Ever since her wildly famous book, the internet has wondered “Is Marie Kondo’s home still tidy?” Apparently, in the organizing consultant’s own words, her home is now messy.2 The KonMari method of organizing one’s belongings by category and only holding on to items that spark joy could deceive as a marketing campaign by the smart home industry. An automated vacuum cleaner’s biggest threat, after all, is stuff scattered across the floor. The vacuum’s brushes and wheels get tangled up in electrical cords, loose themselves in piles of clothes, get stuck in hair, or fail to recognize dog poop, distributing it everywhere and mapping out its chaotic path along the way.

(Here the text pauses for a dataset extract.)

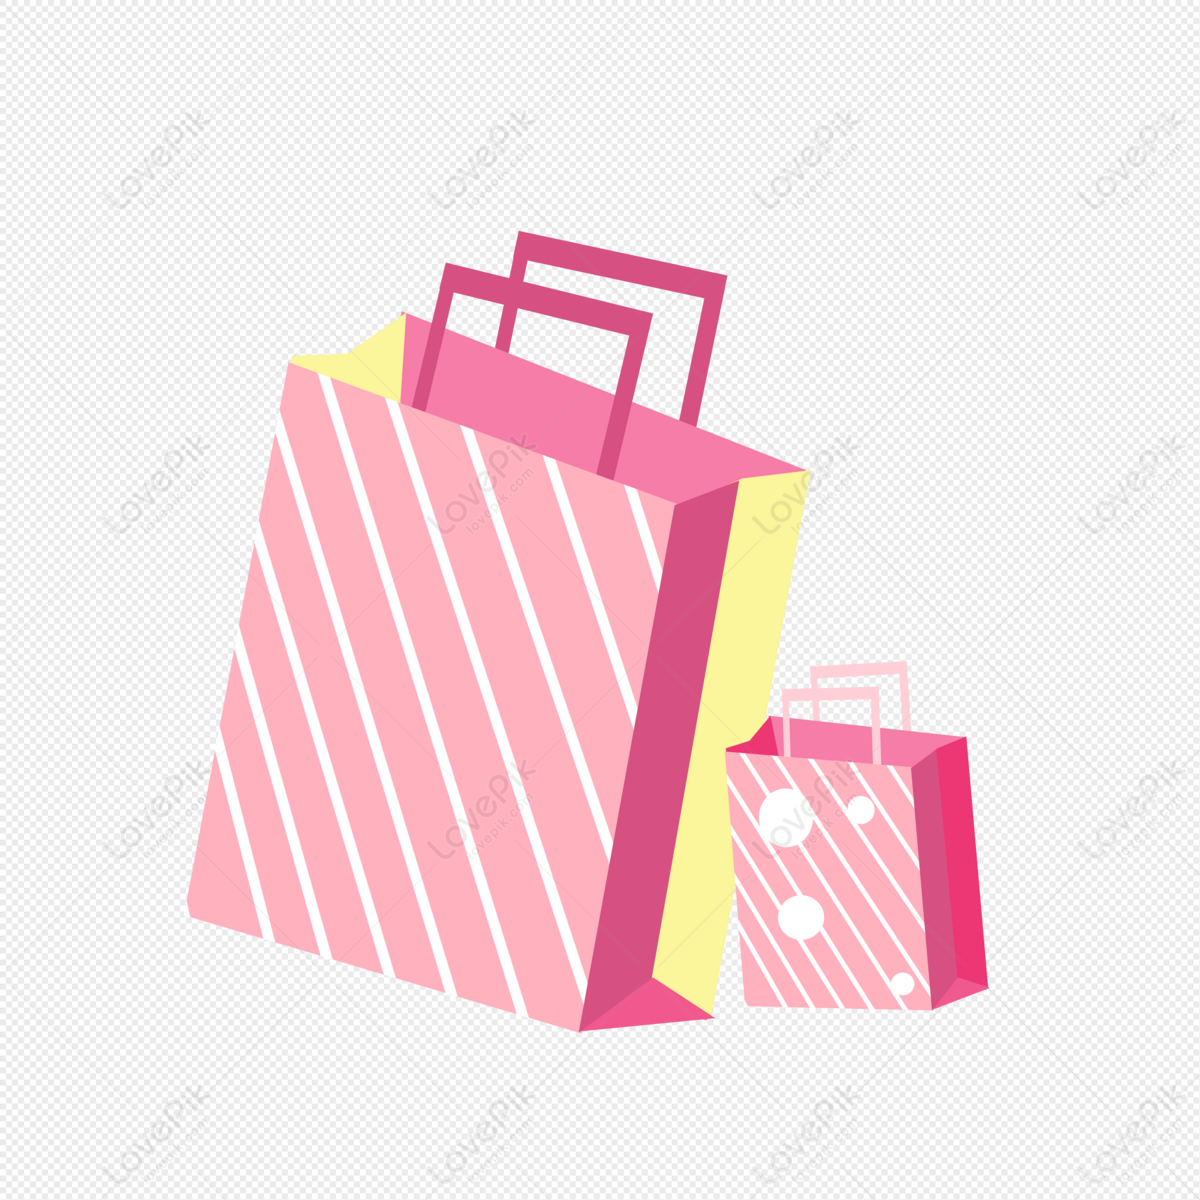 Gift Bags Transparent background 15100053 PNG

When Dyson announced its new high-end automated vacuum cleaner equipped with four cameras in March 2023, internet commentators really just wanted to know “the answer to a Really Important Question: Can it avoid smearing dog poop all over the place?”3 Appropriately, iRobot dedicated its entire advertising campaign for the j7+ model to the improved object recognition capability called P.O.O.P., short for “Pet Owner Official Promise.” In a series of video adverts, a Roomba encounters unknown objects. Upon detection, the video cuts to a control room that looks similar to a Real Time Crime Center where a handful of “officers” are watching the Roomba’s camera feed, frantically deciding what to do with the unrecognized item and ultimately deciding to circle around it. Euphoria ensues over the successful mission. Emotions are so jubilant that it could have been the first moon landing.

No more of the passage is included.